In a market flooded with AI companies chasing the next big thing, Plaud just proved that sometimes the smartest play is ditching the screen altogether.

The AI-powered notetaker startup has shipped over 2 million devices—including its signature Plaud Pins and credit-card-styled gadgets that clip to your phone—and just announced its subscription business has crossed $100 million in annualized revenue run rate. The company bet that professionals are tired of typing meeting notes on their laptops.

Co-founder and CEO Nathan Xu told TechCrunch the philosophy behind the bet: "The conversations that actually move things forward don't happen on a keyboard. We built the interface for the post-screen world. And the market validated it."

Nearly 50% of device owners are paying for upgrades beyond the basic free plan. That's a conversion rate that most hardware companies would envy.

Plaud charges $179 for its Pro model and recently launched the Pin S at a similar price point. Users get 300 minutes of free transcription with every device. Power users who have back-to-back meetings hit that limit fast and upgrade to monthly or annual plans.

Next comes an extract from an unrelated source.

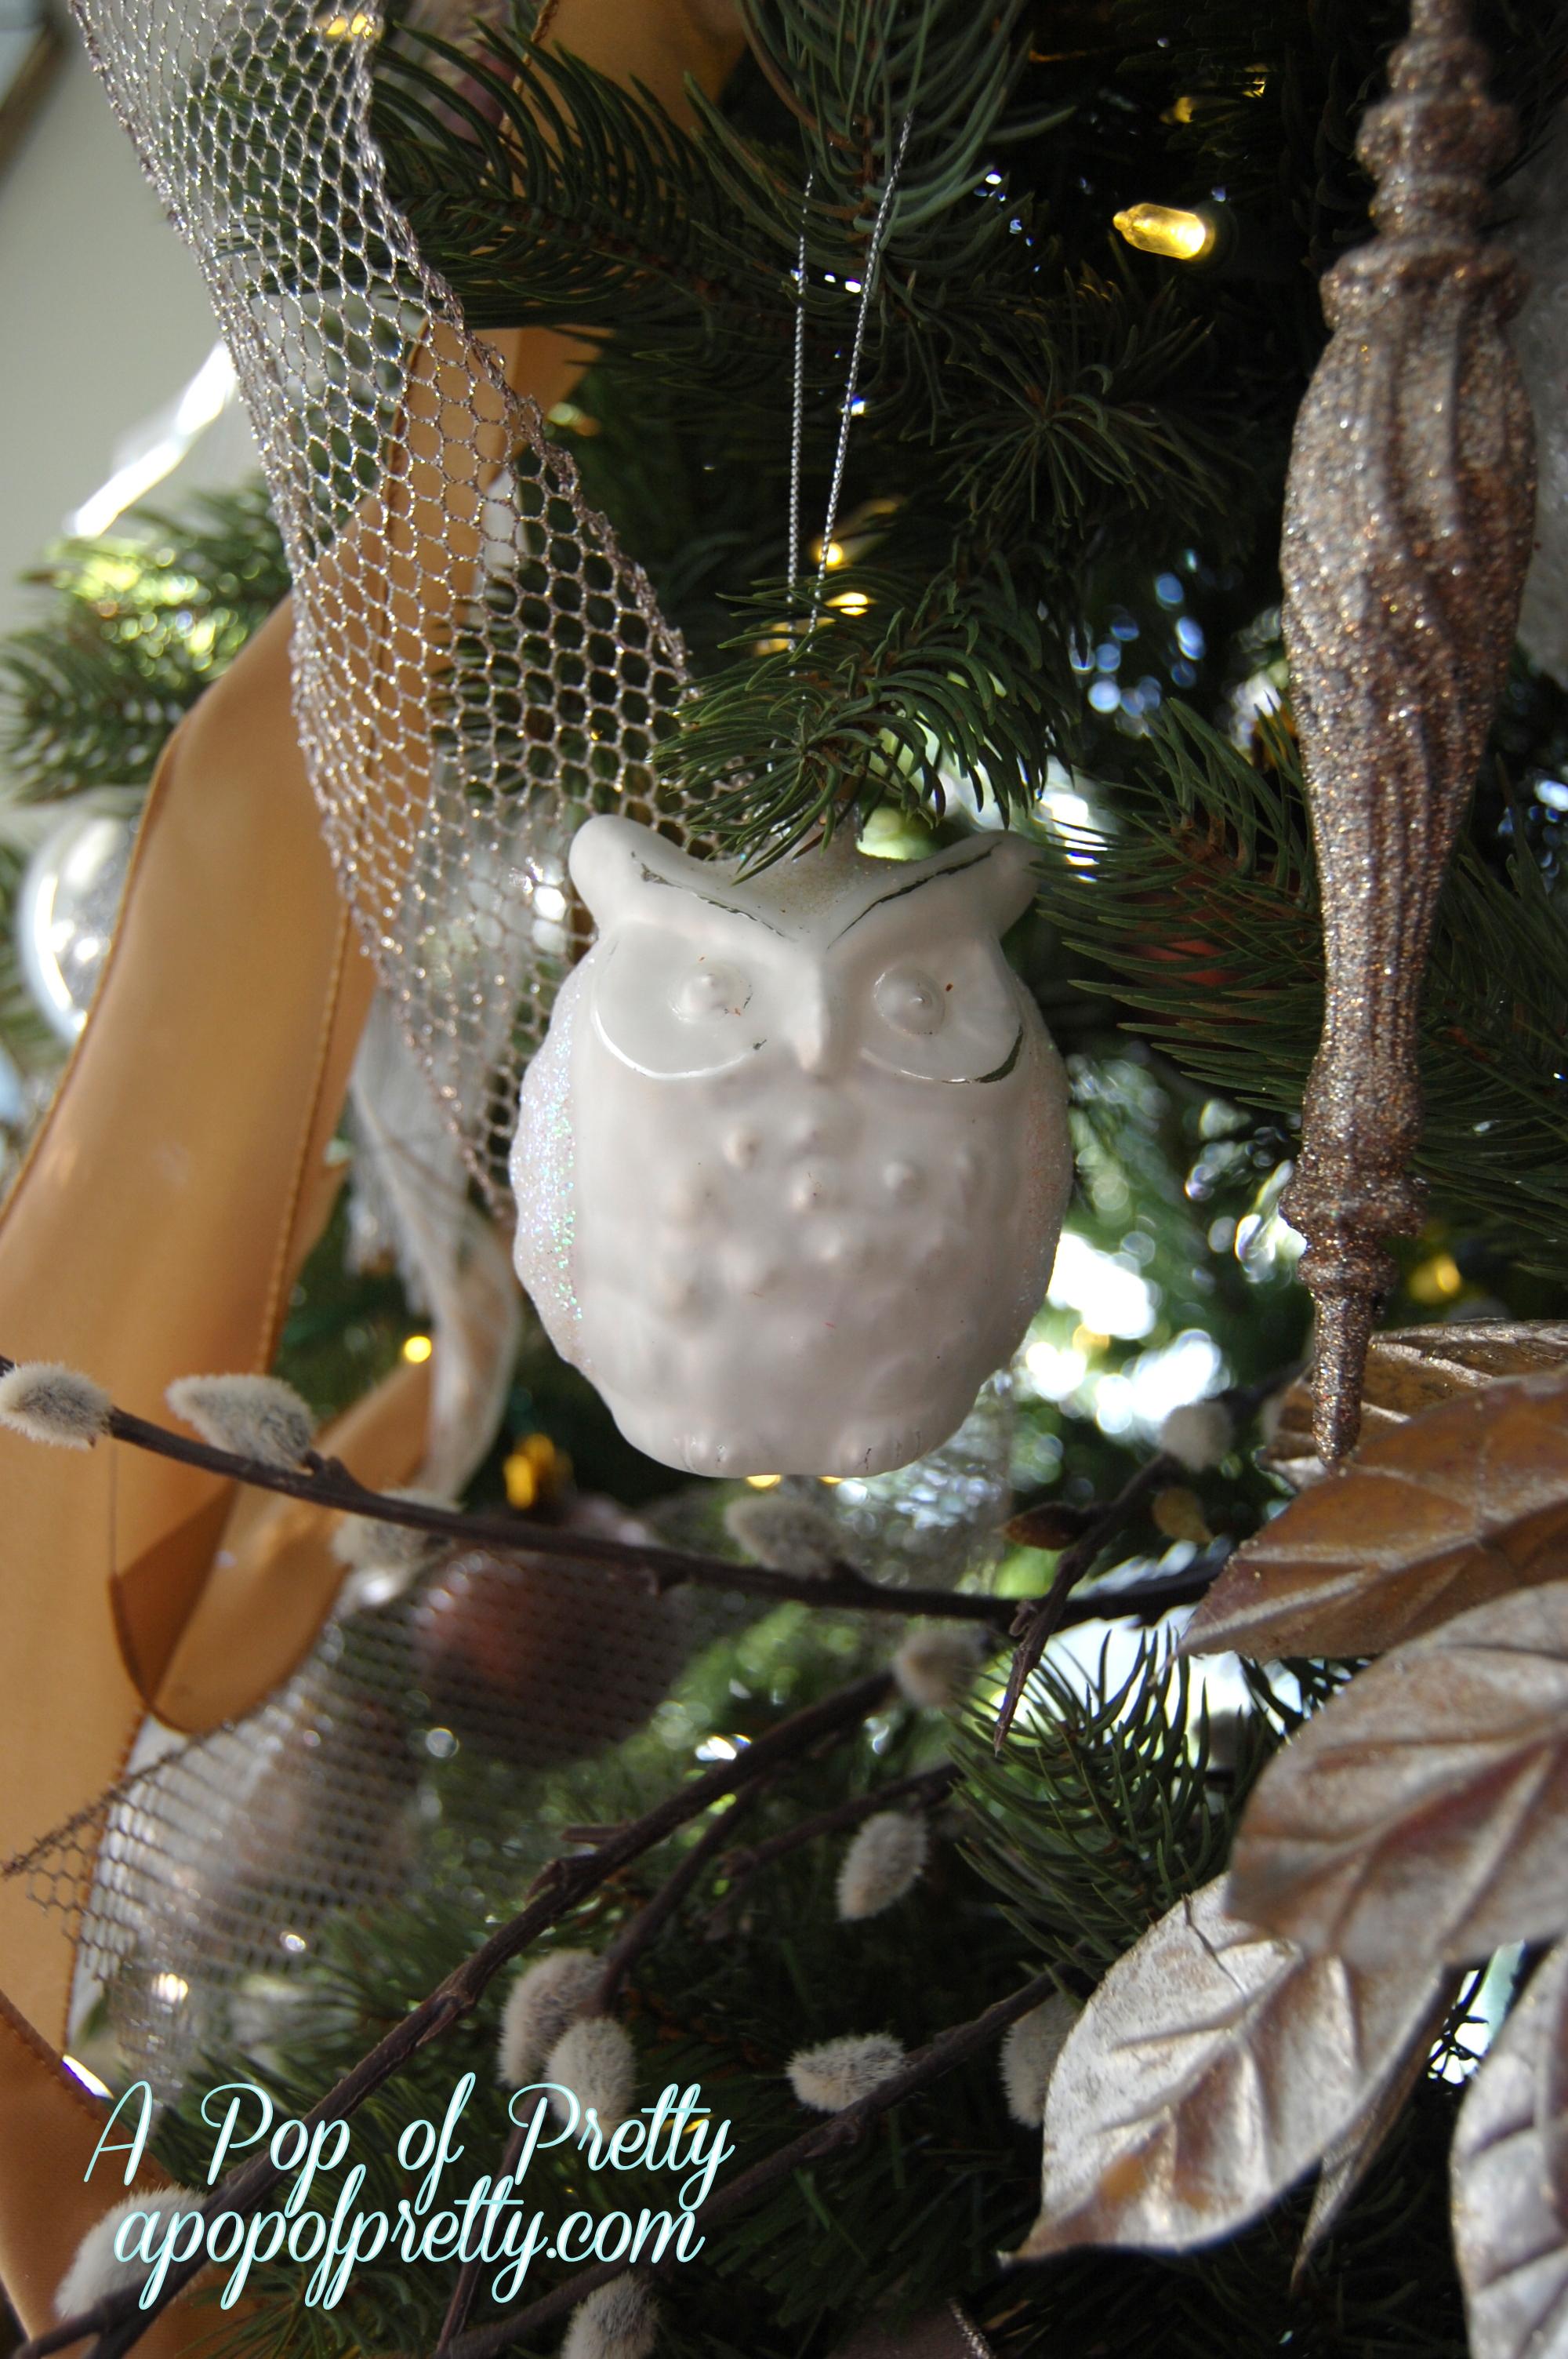 Owl Christmas tree decor - A Pop of Pretty: Canadian Decorating Blog ...

This year, Plaud released a desktop app for taking meeting notes via system audio and rolled out Plaud Teams with shared memory to target enterprises. Hardware is just the beginning.

Anker, Viaim, Vibe, and YC-backed Pocket are all moving into the meeting notetaker space. But Plaud's early mover advantage and that $100M ARR figure suggest the startup has already claimed significant ground.

While most AI companies fight for attention behind screens, Plaud found its market in the spaces between meetings.